Bio   Pubs   Gigs   Library  

Pardis Noorzad

As an executive at Carbon Health, I built a world-class Data Science function driving data infra, data privacy, data analytics, and machine learning initiatives at the company. We published the first ever open clinical data repository. We shared some of our work at AI Summit Silicon Valley 2020.

I led Connect Data Science at Twitter—covering Search, Trends, Explore, Events, Topics, Notifications, and Video. I reestablished the Product Data Science function at the company, ushering its expansion for the first time in four years.

At Paytm Labs, I designed and built a fully automated fraud detection engine for Paytm—the P2P payments and marketplace app serving India. As an early employee at Rubikloud, I proposed and built a promotions allocation system for retailers, the company's flagship product up to its acquisition.

I studied random graph models of online social networks at Ryerson University. At Amirkabir University, I published on music genre recognition and sparse linear classifiers with Bob L. Sturm. I hold a degree in Software Engineering from the University of Tehran, where I served as ECE Representative for three years. I also served on the Ryerson Senate for a year, working closely with Sheldon Levy.

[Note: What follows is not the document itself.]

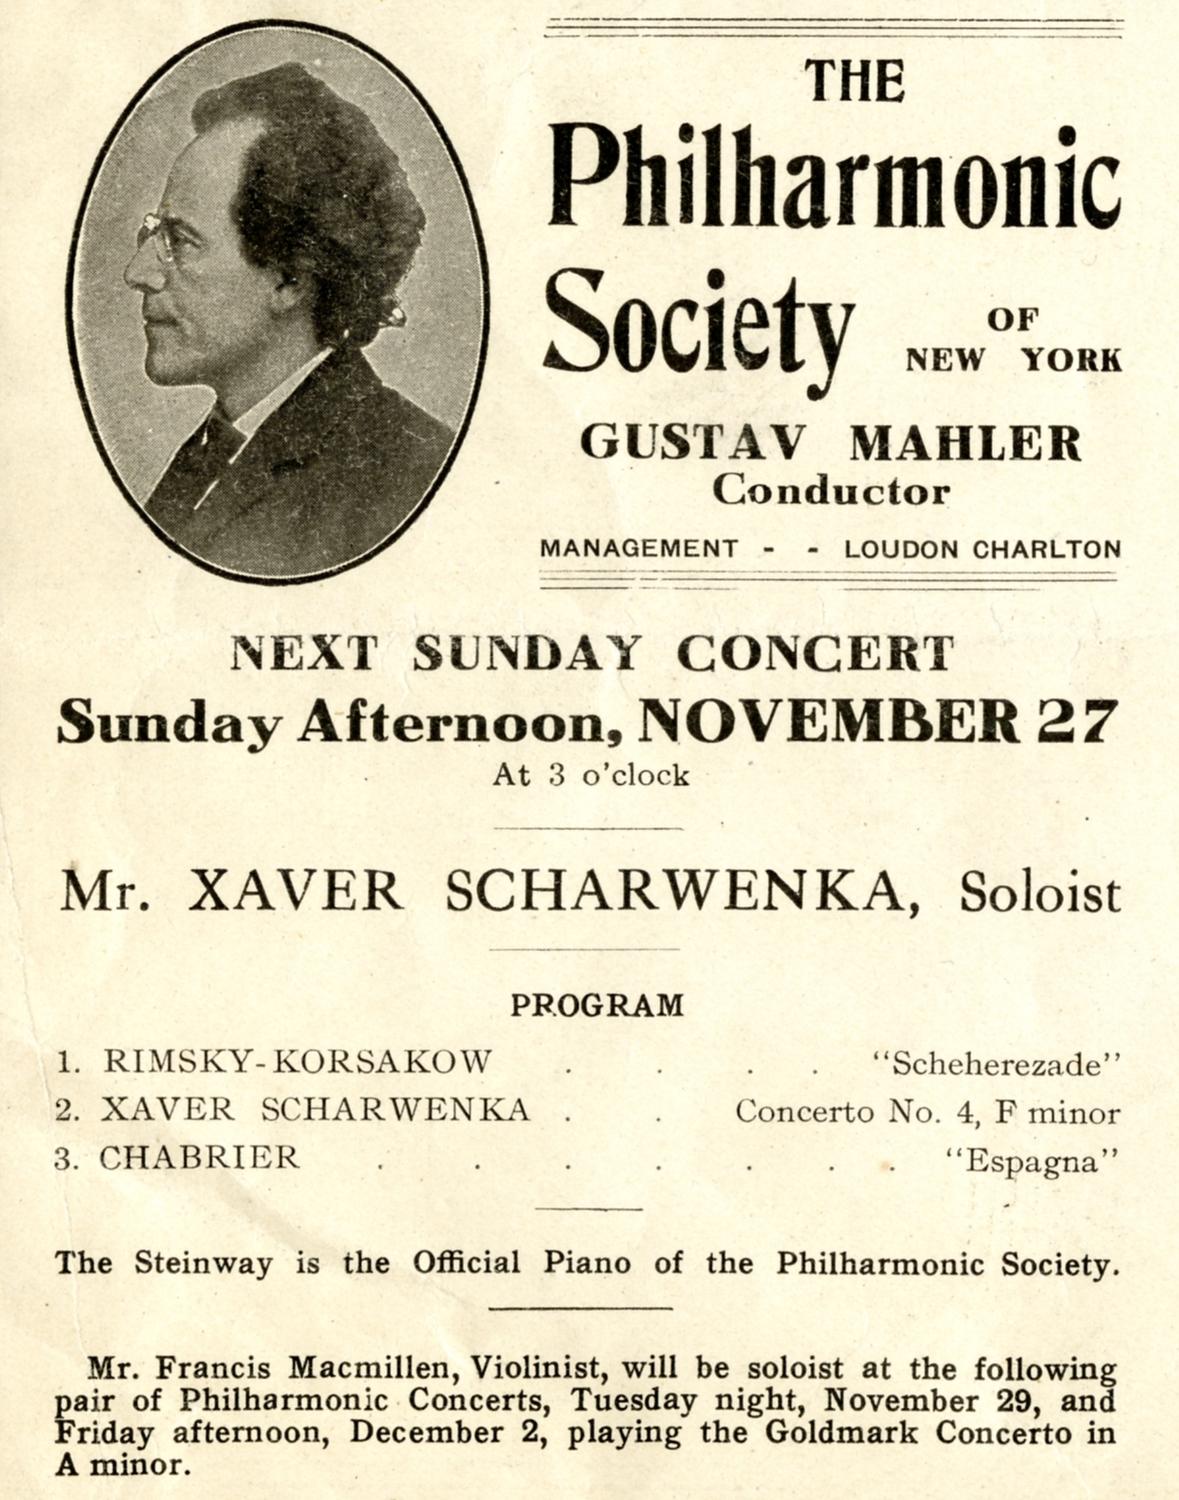 Gustav Mahler, with Philharmonic Society of New York, November 27, 1910

In June 2020, I sat down with Grant Ingersoll for a podcast episode. Thanks to Grant, the episode has turned into a good review of my work history.

⟢  ⟡  ⟣

Below is the bio I use for conferences and podcasts.

Pardis Noorzad is a data science executive with over 14 years of experience building effective teams and quality software products. Most recently she built the Data Science function at Carbon Health, driving data initiatives across all products and services of the 1500-person company. Before that, Pardis led Connect Data Science at Twitter, covering 80% of consumer products. At Twitter, she played a pivotal role in reestablishing the Product Data Science function and instituting best practices. In addition to healthcare and social media, Pardis has held data science and engineering positions in fintech and in e-commerce.